▶ _Input data_:
------

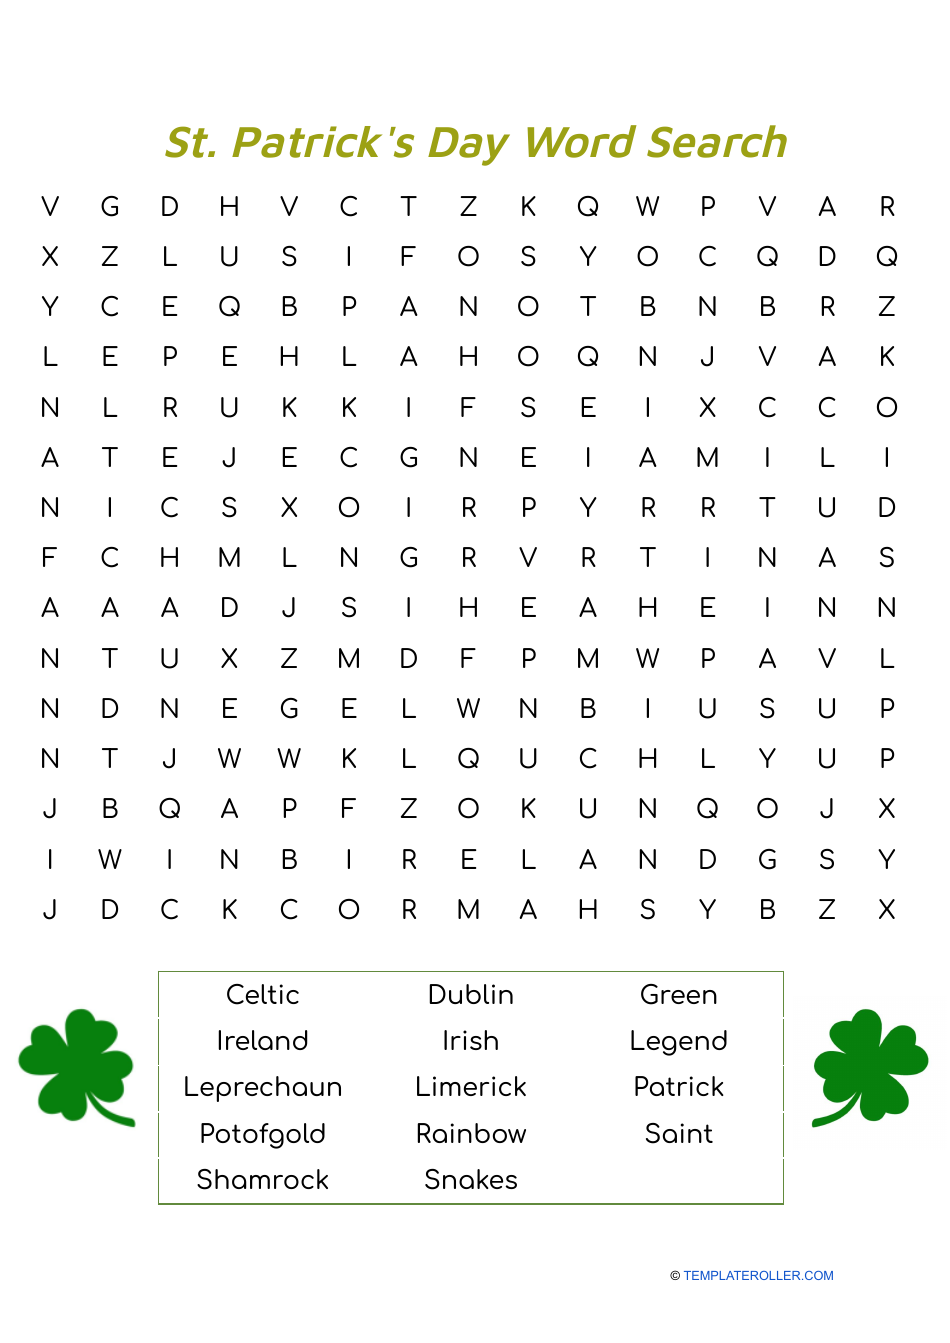 St. Patrick's Day Word Search with Shamrock illustration
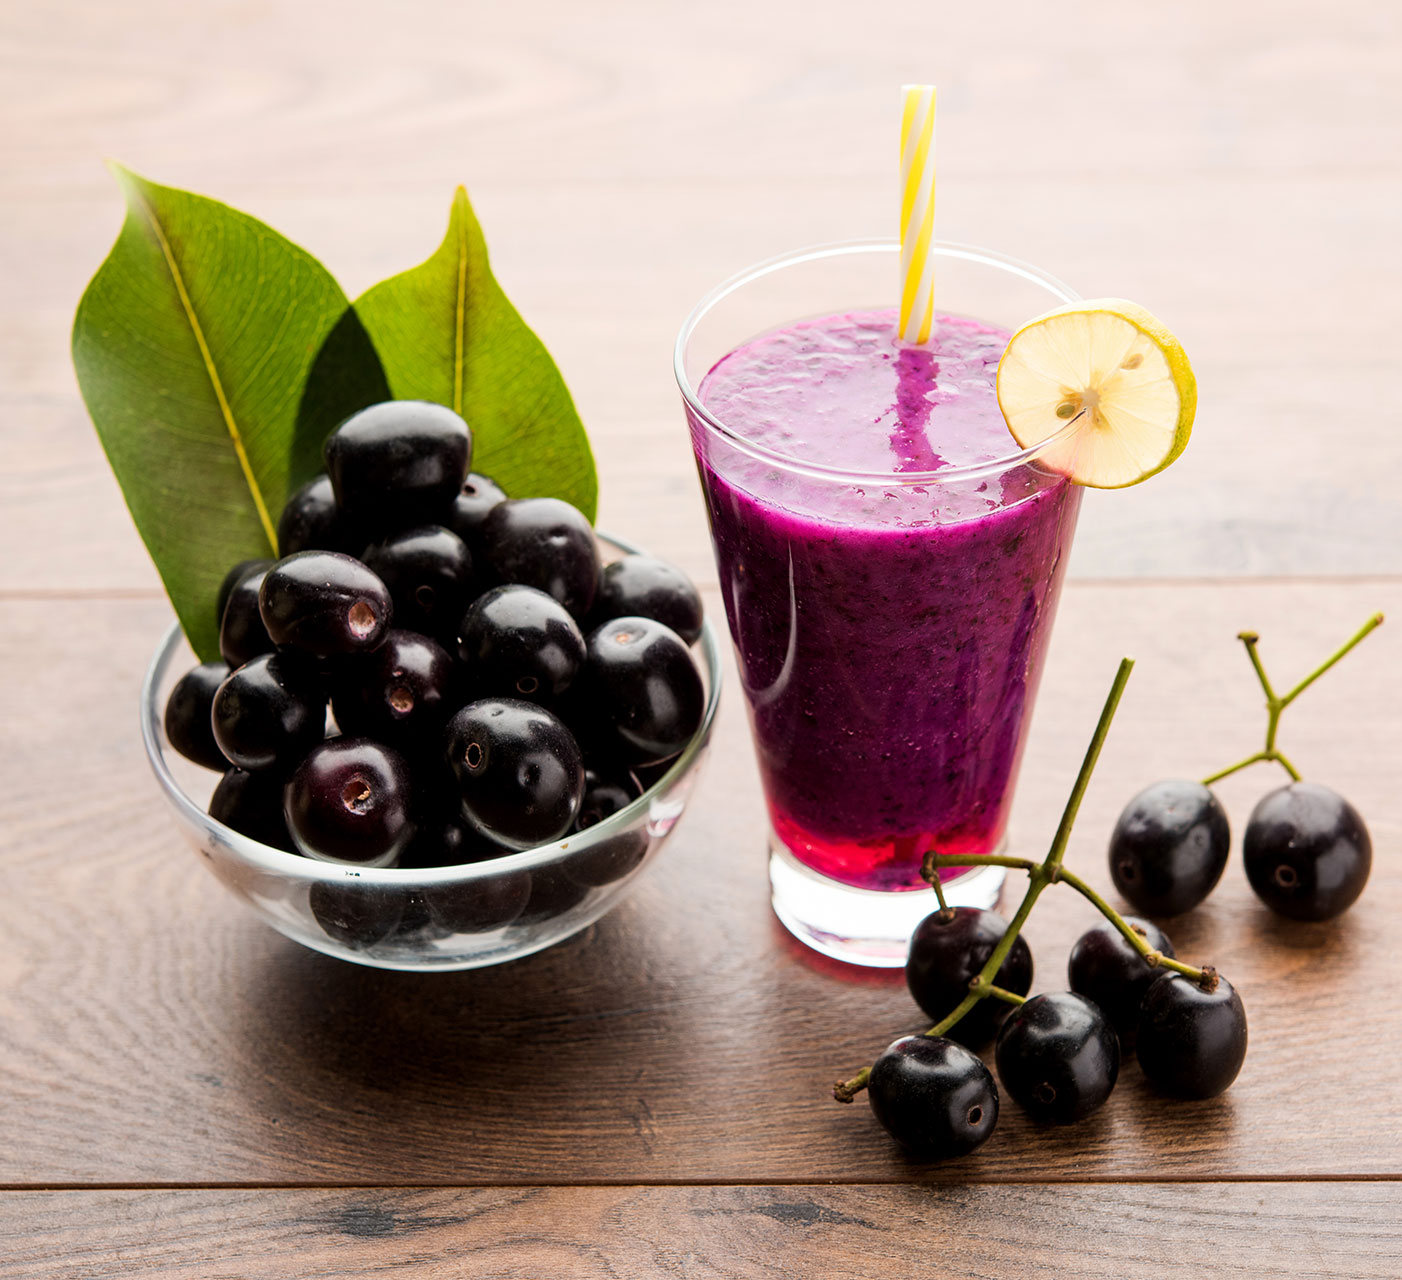 5 Reasons Why Jamun Is Known To Stave Off Diabetes
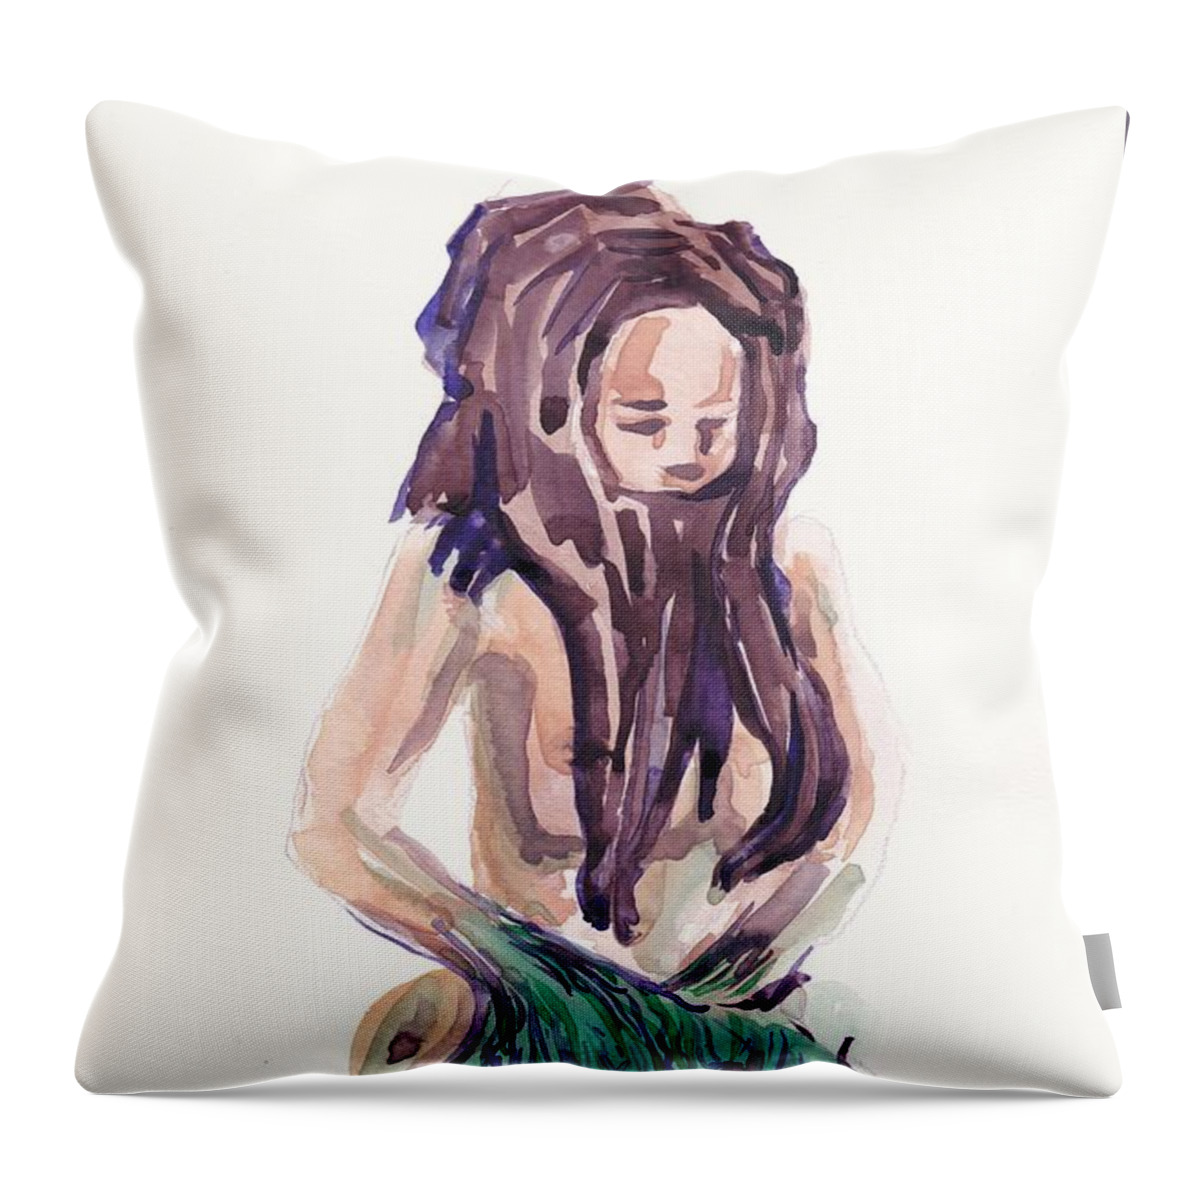 Miniature Throw Pillow featuring the painting Forert Spirit by George Cret

------

Your copy should hold exactly the lines from the one that contains "5 Reasons Why" through the final line of the data, both ends included, and no pictures.

 5 Reasons Why Jamun Is Known To Stave Off Diabetes
 Miniature Throw Pillow featuring the painting Forert Spirit by George Cret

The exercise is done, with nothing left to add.